Global advertising spend is set to hit a new record high in each of the next three years, marking the “strongest sustained period of growth in 10 years”, according to a leading media-buying agency.

Zenith Optimedia said soaring use of smartphones and tablets is leading to increasing media consumption, while growing confidence in the world economy is encouraging brands to spend.

Ad growth is forecast to jump from 3.6 per cent this year to 5.3 per cent next year, with events such as the World Cup and US mid-term elections also lifting ad spend.

This is the second time that Zenith has upgraded its forecast for 2014, thanks in part to the growing strength of the UK economy.

The agency estimates the UK ad market, the world’s fifth largest behind America, Japan, China and Germany, to be worth $20.34bn (£12.45bn) in 2013, growing to $23.95bn by 2016.

Zenith, whose clients include Aviva, BBC Worldwide, Royal Bank of Scotland and O2, reckons global ad growth should rise even faster, at 5.8 per cent in both 2015 and 2016.

“Mobile is expanding overall media consumption,” said Zenith, a division of the French giant Publicis.
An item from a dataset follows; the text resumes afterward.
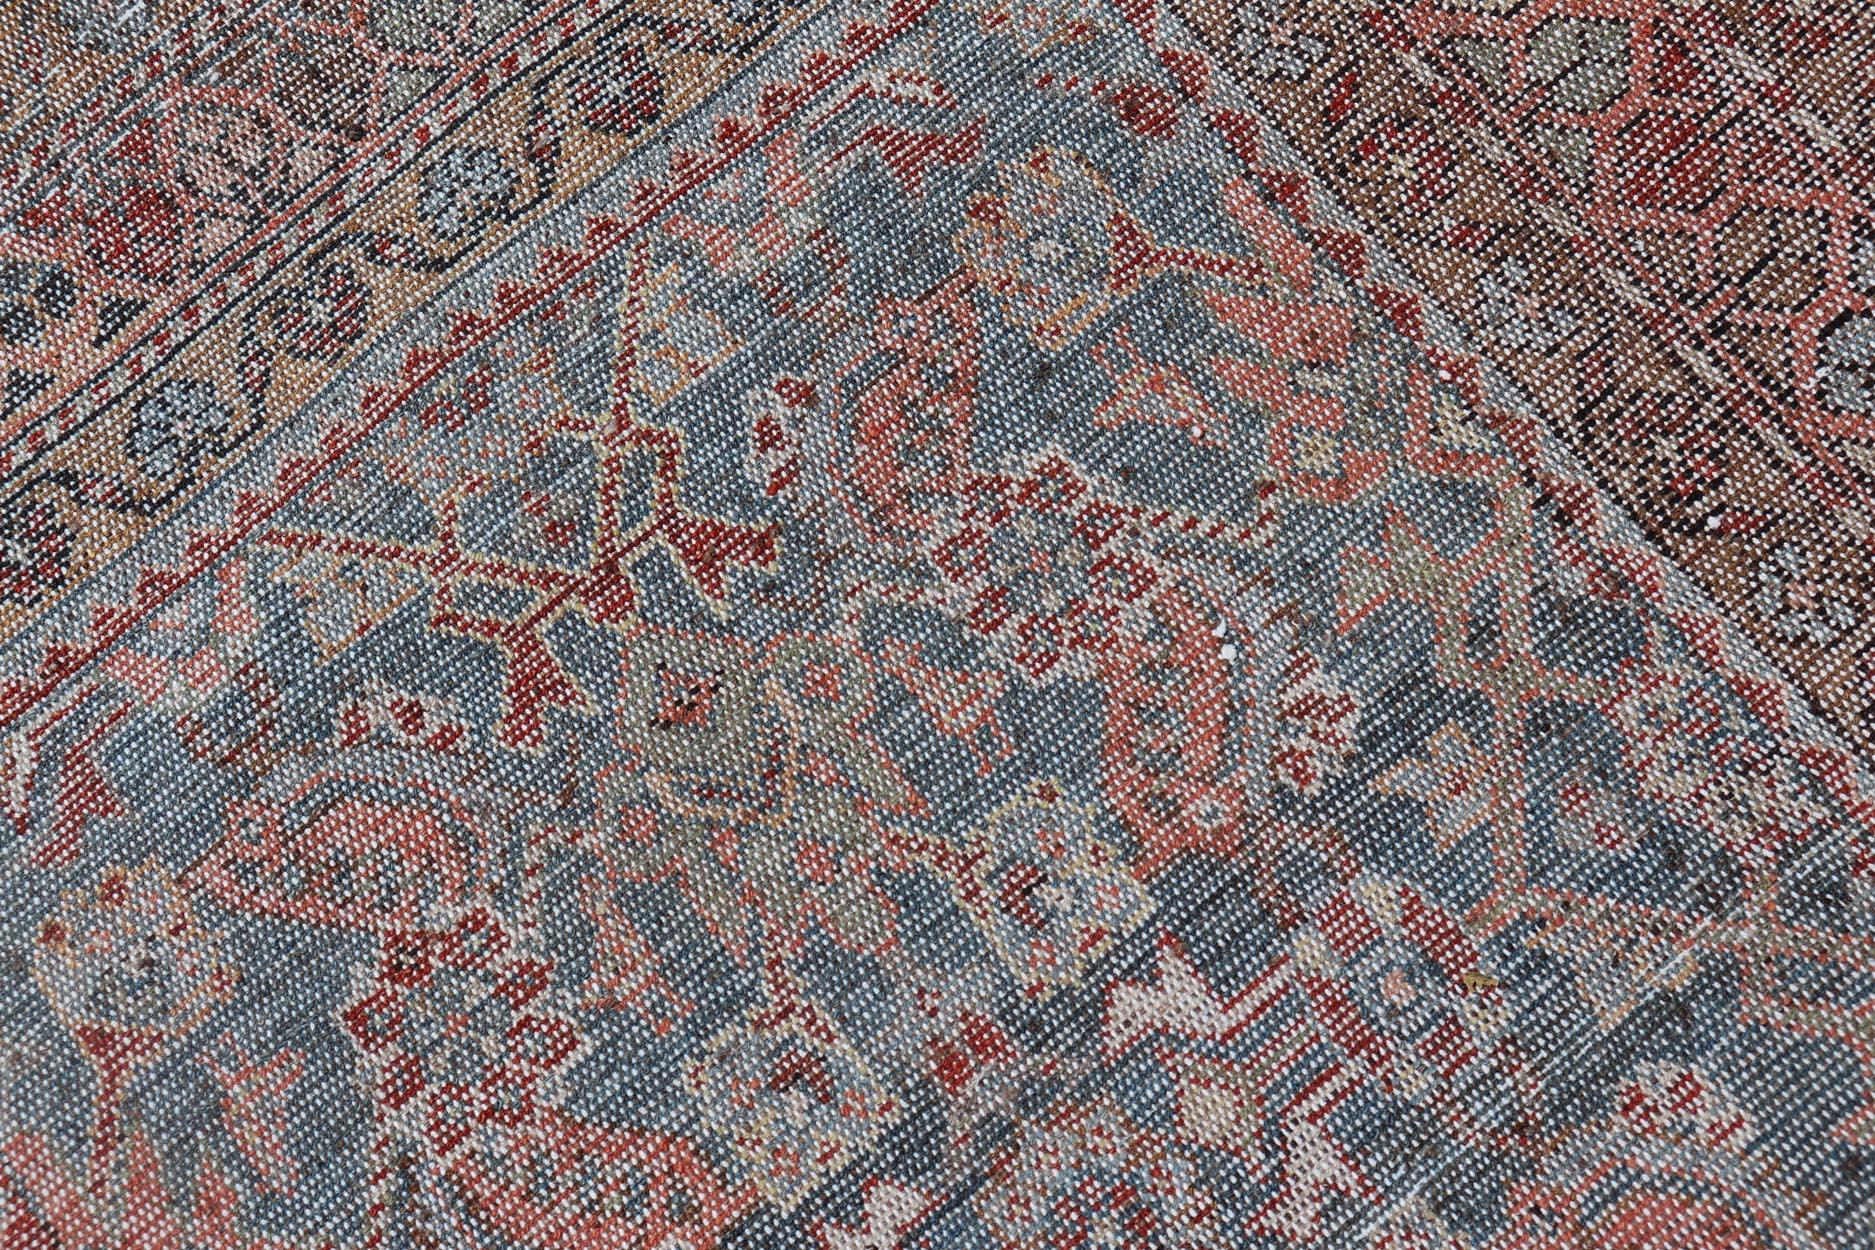 N.W. Persian Antique Runner with Geometric Florals Set on a Blue Field For Sale 6

“This is the first time in the past 20 years that a new platform is expanding overall media consumption without cannibalising any of the other media platforms,” added the report, suggesting that mobile was complementary, whereas the rise of the internet had undermined traditional media.

Mobile advertising remains small, representing only 2.7 per cent of global ad spend, but it should almost triple to 7.7 per cent by 2016. Mobile is likely to overtake radio, posters and magazines to be the fourth-largest medium by 2016, behind the internet, TV and newspapers.

Advertising spend peaked in 2007, falling to a nadir in 2009 because of the financial crash. Spending has bounced back above pre-2007 levels, but that does not take into account inflation. Zenith believes it will take until 2016 for advertising to exceed 2007 levels on an inflation-adjusted basis.

Emerging markets will see slowing growth, after an explosive rise over the last 20 years.